TO DO: Drop every picture, then print the rest of the listing exactly as given.

DATA:
'''

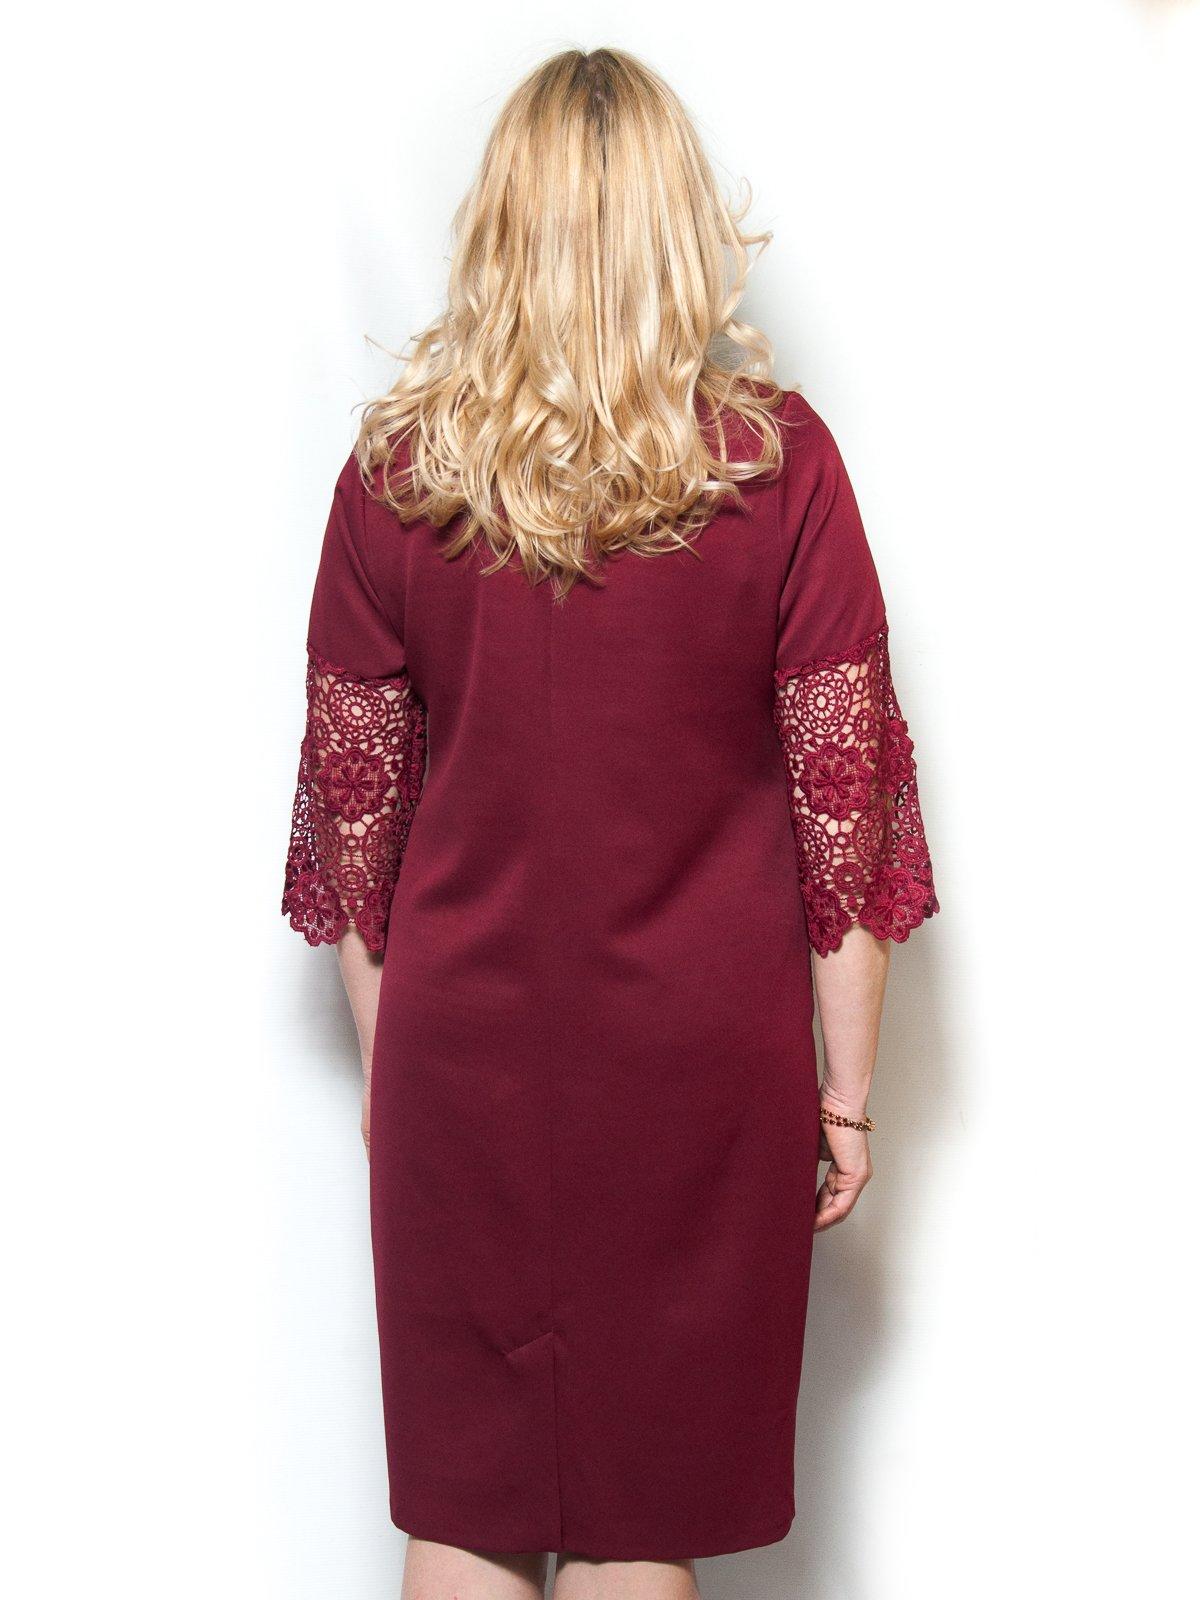 Сукня бордова | 4071397 | фото 2
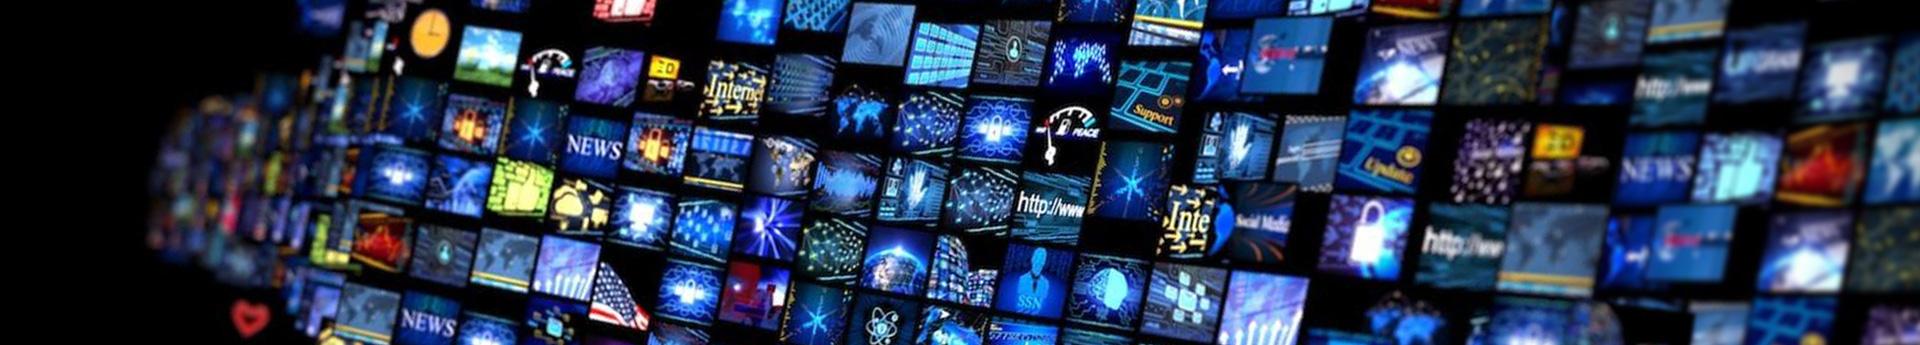 تلویزیونهای تعاملی
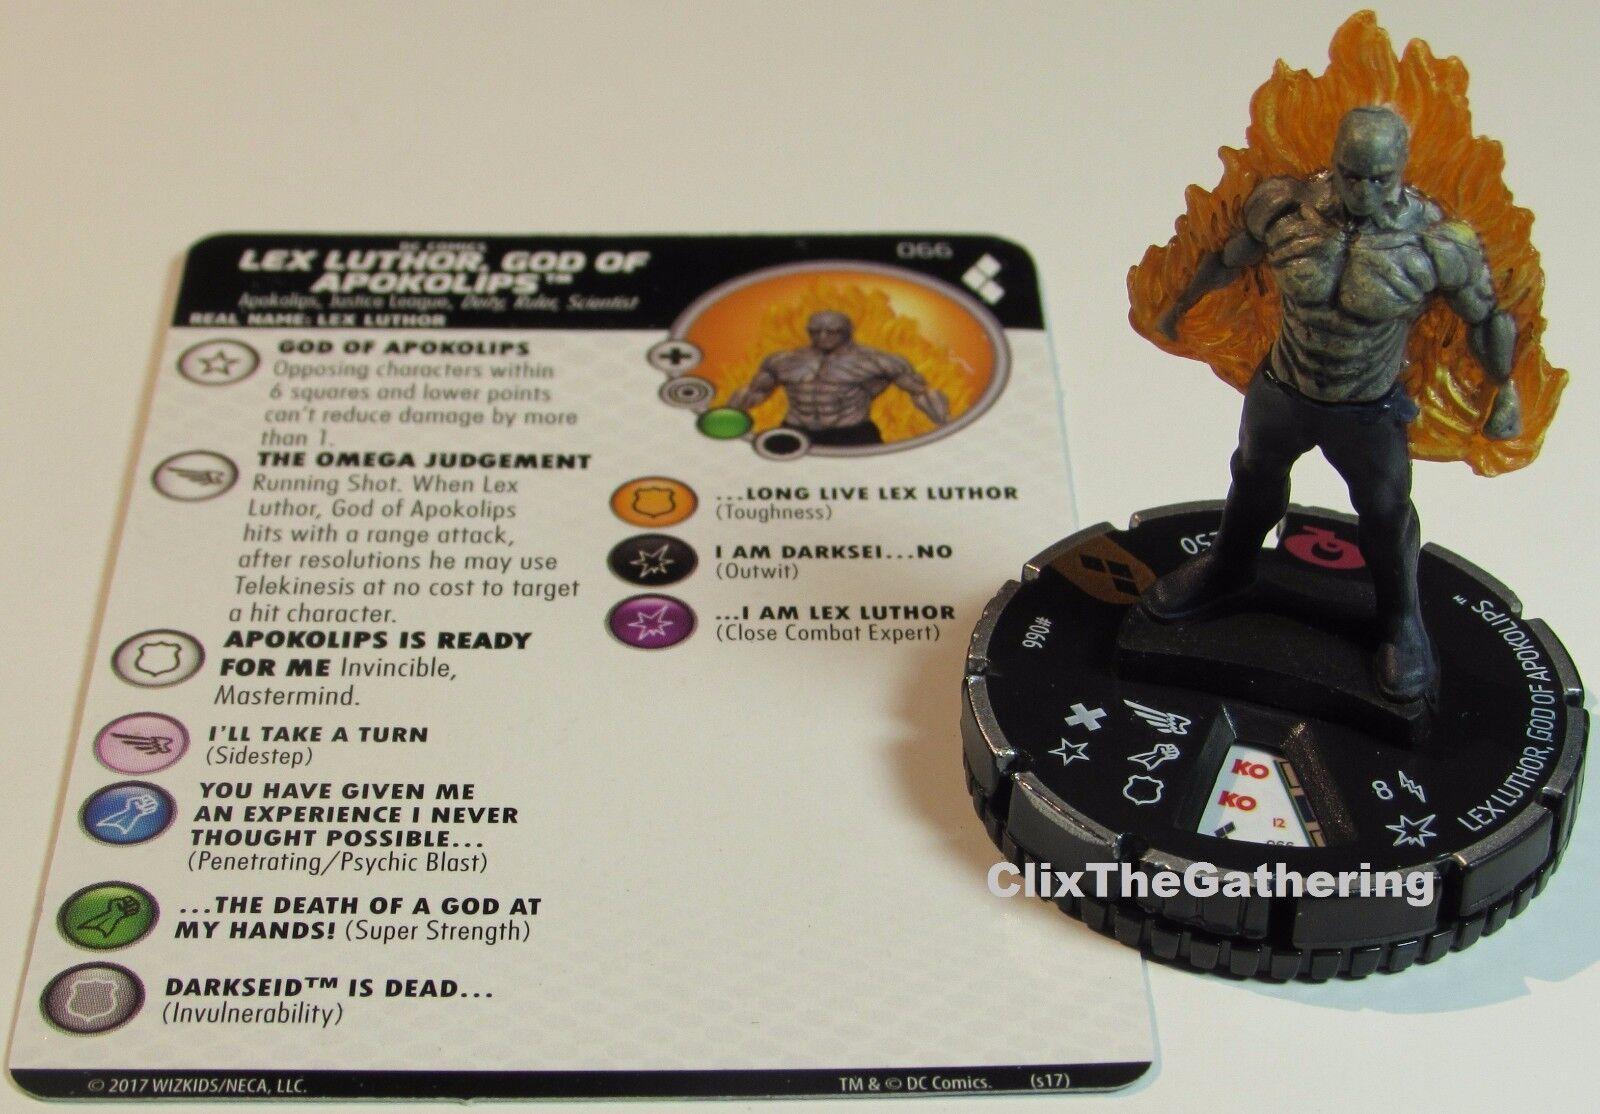 Lex Luthor God Of Apokolips 066 Harley Quinn et 'Gotham Filles Heroclix
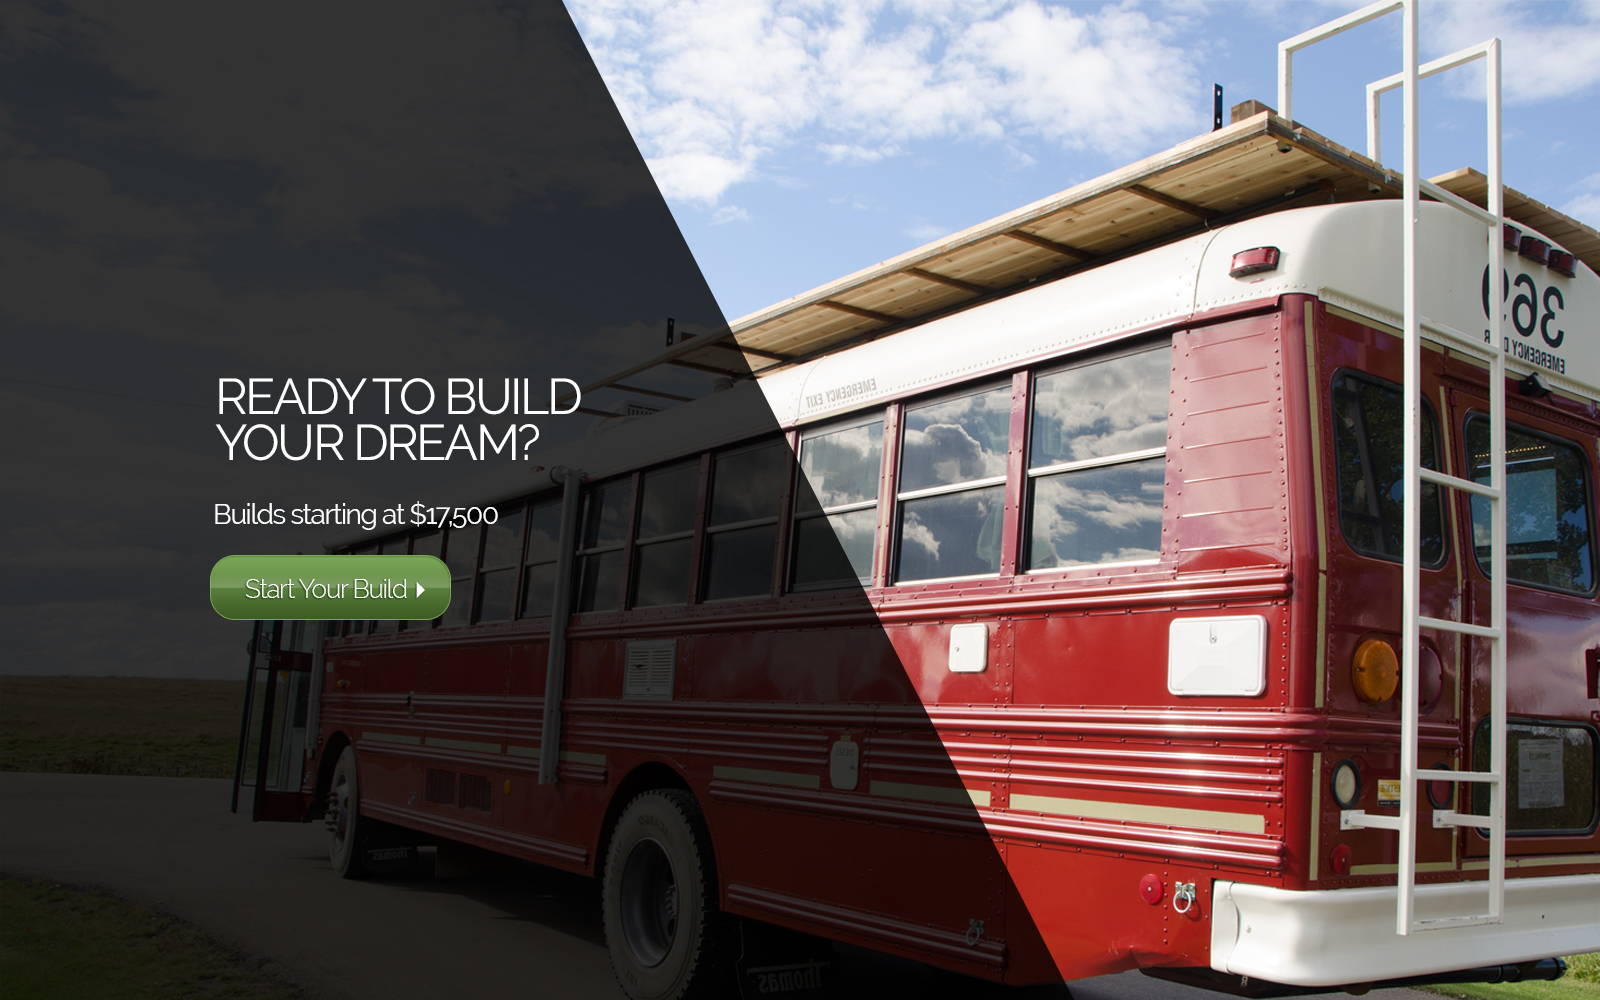 School bus conversion - start your build

'''

SOLUTION TO THE PROBLEM:
 Сукня бордова | 4071397 | фото 2
 تلویزیونهای تعاملی
 Lex Luthor God Of Apokolips 066 Harley Quinn et 'Gotham Filles Heroclix
 School bus conversion - start your build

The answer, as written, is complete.